Source data:
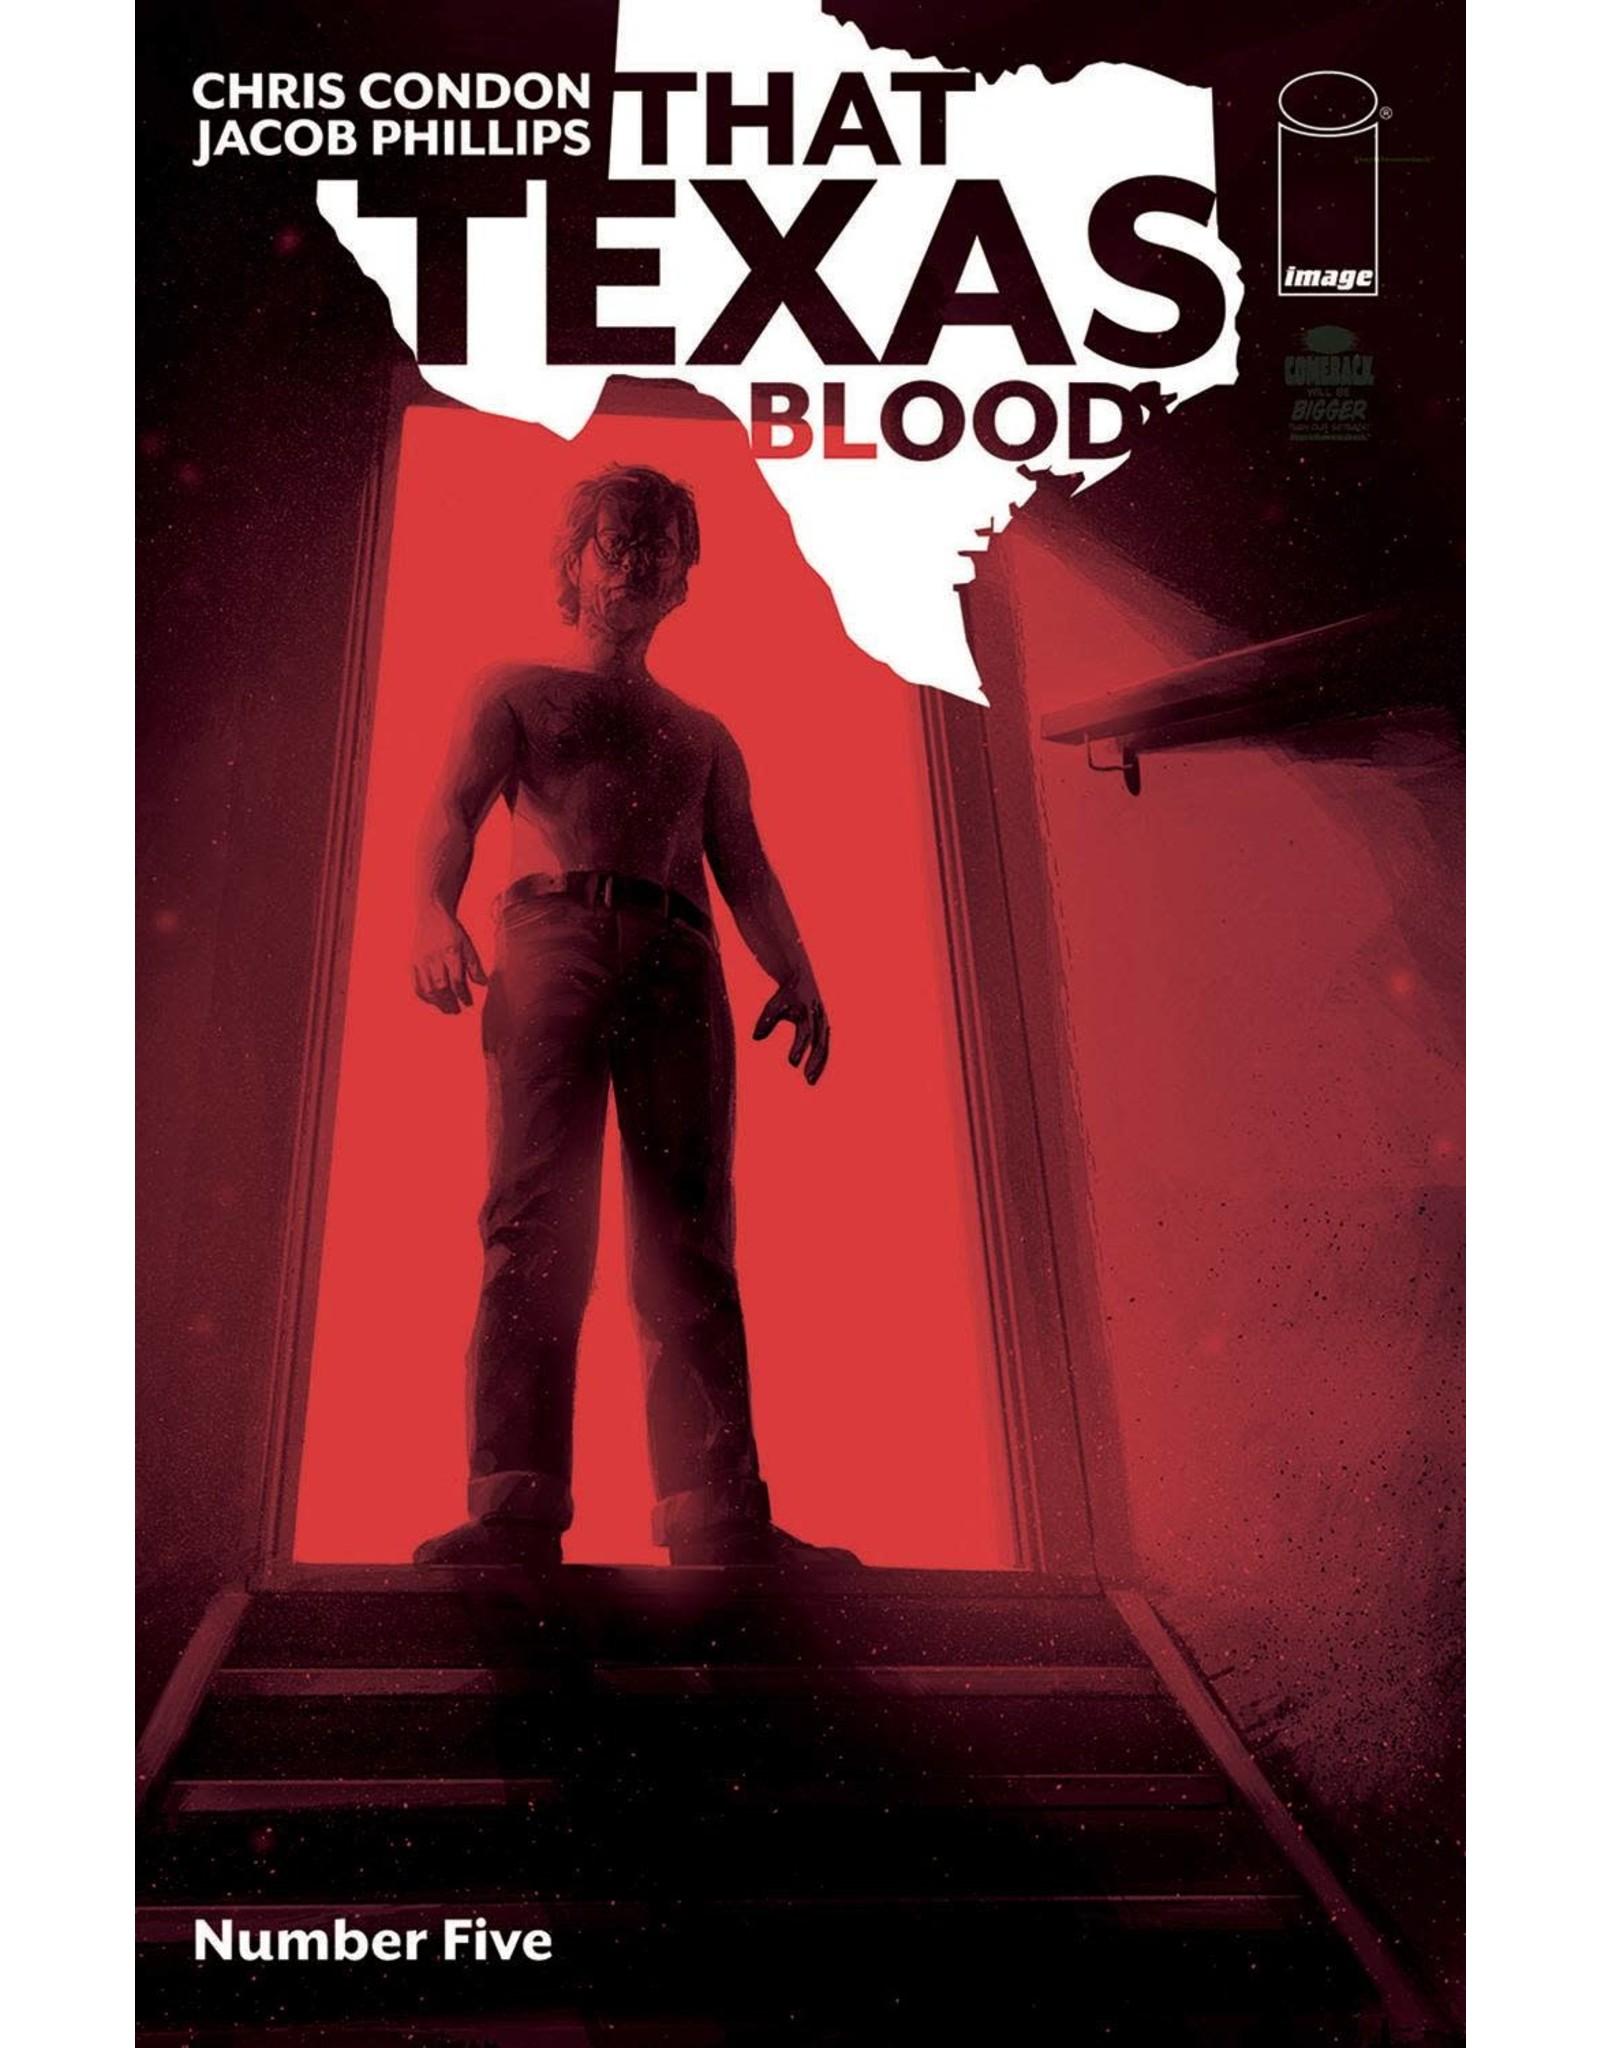 Image Comics THAT TEXAS BLOOD #5 (MR)
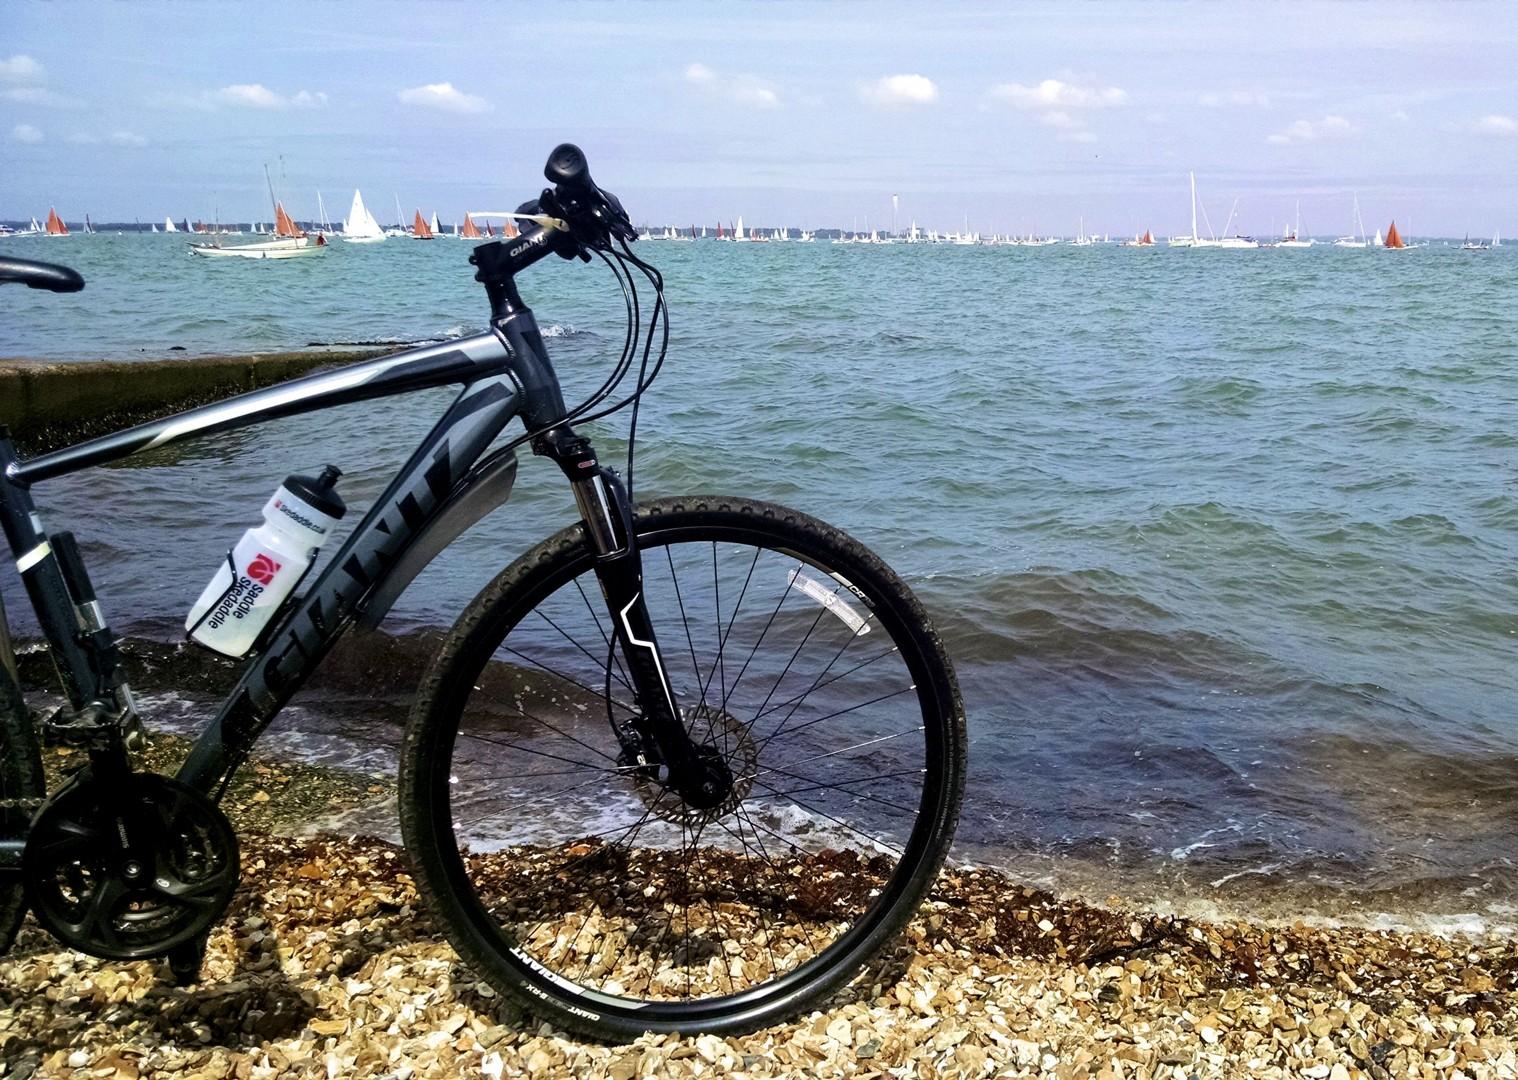 leisure-cycling-holiday-uk-isleofwight-coast.jpg - UK - Isle of Wight - Freshwater Bay - Self-Guided Leisure Cycling Holiday - Leisure Cycling
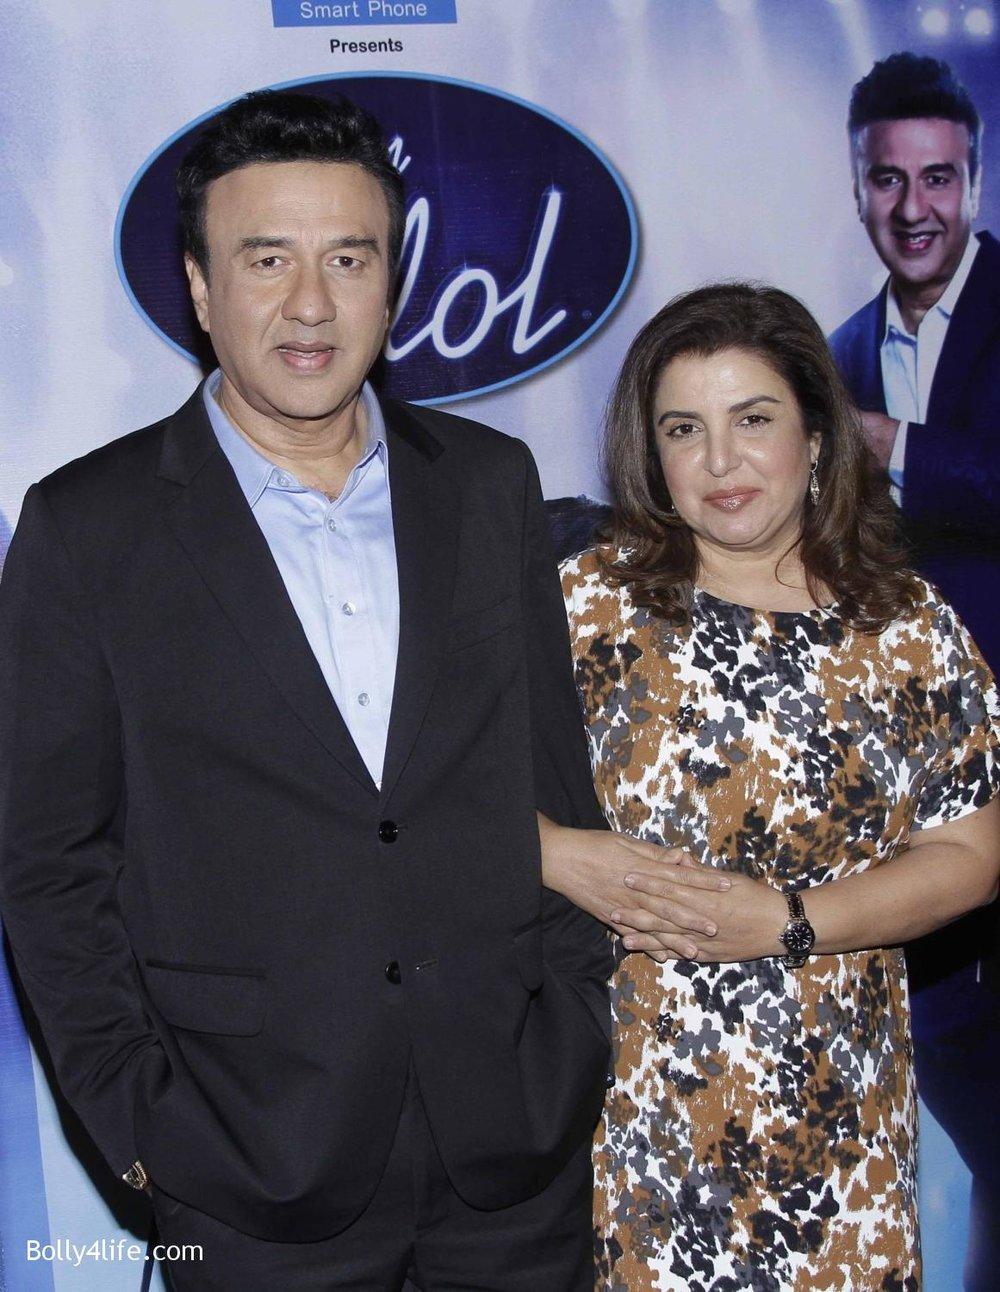 Anu-Malik-and-Director-Choreographer-Farah-Khan-during-a-press-conference-regarding-Indian-Idol-Season-7-1.jpg

Problem requirements: The answer must repeat every line of the listing exactly and leave the pictures out.

Problem solution:
 Image Comics THAT TEXAS BLOOD #5 (MR)
 leisure-cycling-holiday-uk-isleofwight-coast.jpg - UK - Isle of Wight - Freshwater Bay - Self-Guided Leisure Cycling Holiday - Leisure Cycling
 Anu-Malik-and-Director-Choreographer-Farah-Khan-during-a-press-conference-regarding-Indian-Idol-Season-7-1.jpg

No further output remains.